Thalassemia Major: Understanding, Symptoms and Treatment

Thalassemia major, also known as Mediterranean anemia, erythroblastic anemia or coolie anemia, is an inherited blood disorder that results in a lack of healthy red blood cells. This condition is a form of thalassemia, which is characterized by impaired synthesis of hemoglobin, a protein that is essential for transporting oxygen in the body.

Thalassemia Major is inherited as a recessive gene, that is, for the disease to develop, it is necessary to have two affected genes, one from each parent. People with one affected gene are called thalassemia carriers and usually have no symptoms.

In thalassemia major, red blood cells are destroyed faster than they are produced, resulting in anemia. Symptoms can range from moderate to severe and may include:

1. Pale skin
2. Fatigue and weakness
3. Short breath
4. Enlargement of lymph nodes
5. Enlargement of the spleen and liver
6. Delayed growth and development in children

Blood tests such as hemoglobin test, hematocrit and reticulocyte count are used to diagnose thalassemia major. Additional tests, such as genetic tests, may be needed to confirm the diagnosis.

Treatment for thalassemia major involves regular blood transfusions, which help replace missing red blood cells. However, frequent transfusions can cause iron to accumulate in the body, so chelation therapy may be necessary to remove excess iron.

Other treatments, such as bone marrow transplants and gene therapy, can also be used, but they can be expensive and have limitations.

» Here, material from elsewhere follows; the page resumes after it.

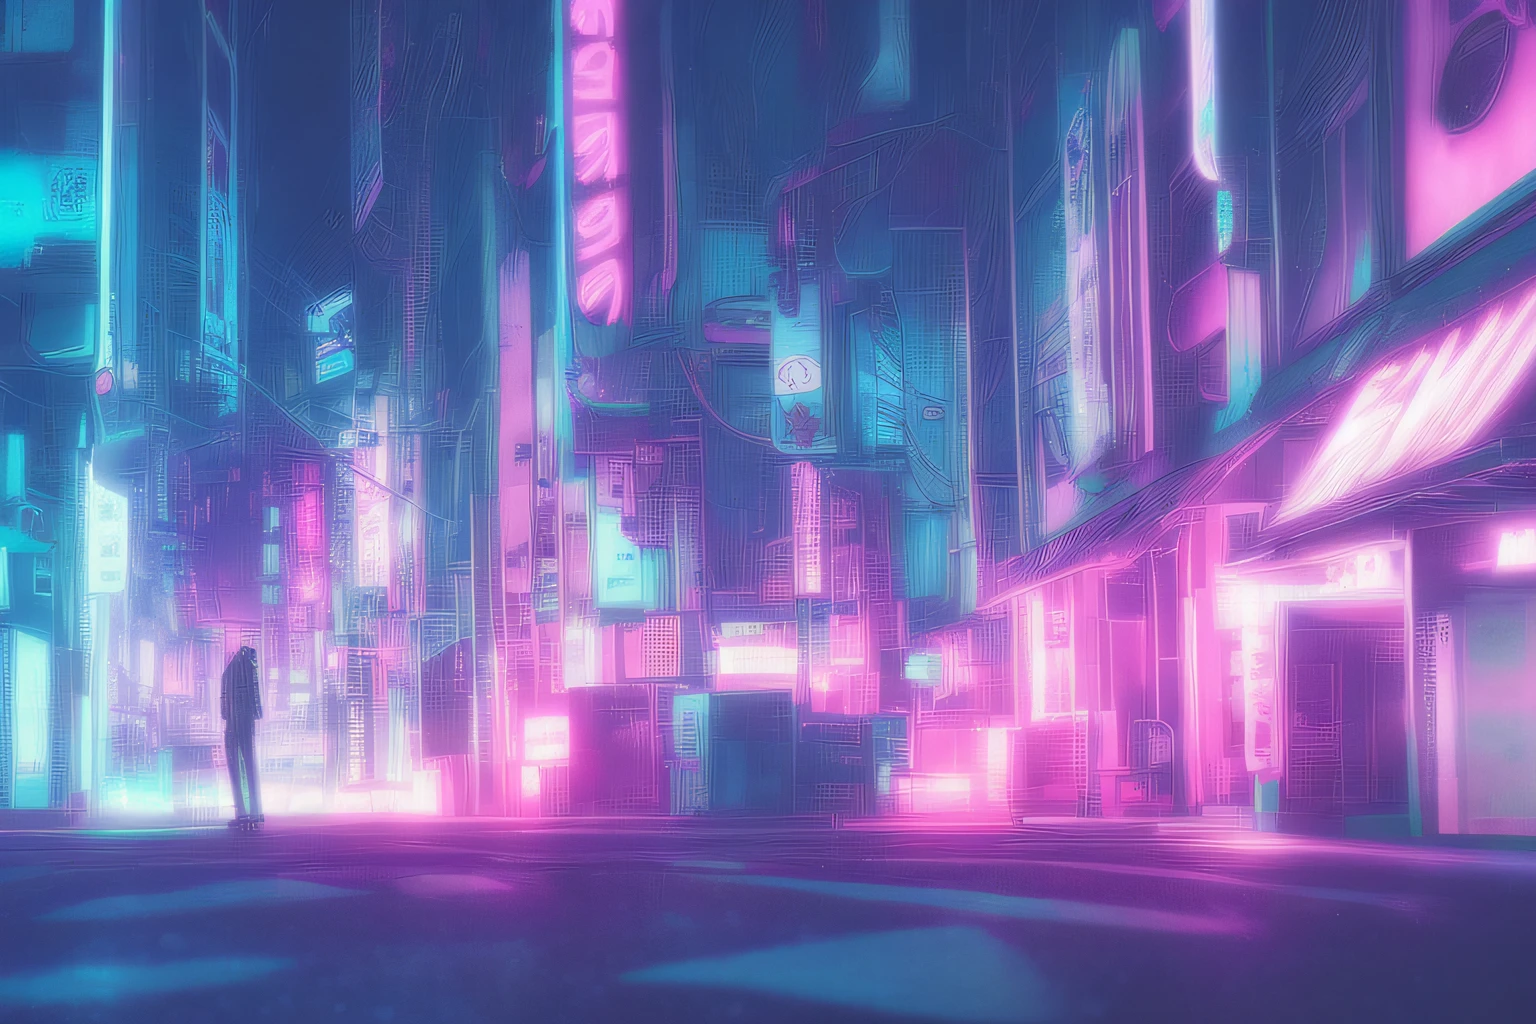 动漫背景,90 年代城市朋克街头 ,foggy futuristic 電影 lighting,  半现实的, 环形照明 , 边缘照明, 電影, 合成波 ,BgAni黄昏

Overall, thalassemia major is a serious disease that can lead to serious complications if not treated correctly. Therefore, it is important to undergo regular medical examinations and follow prescribed treatment to manage this disease and reduce the risk of complications.

Thalassemia, or Gunther's disease, is a systemic hereditary disease that develops slowly and is characterized by a change in the shape or color of red blood cells due to a decrease in hemoglobin levels. It is characterized by a low content of Hb in red blood cells, which is manifested by blueness of the skin and mucous membranes, enhanced by their jaundice and hoarseness of the voice. Erythrocytes in T. are enlarged, deformation of their nucleus often causes spherocytic disease and often causes the development of hemolytic anemia (there is a possibility of the formation of excess reticulocytes and microorganisms).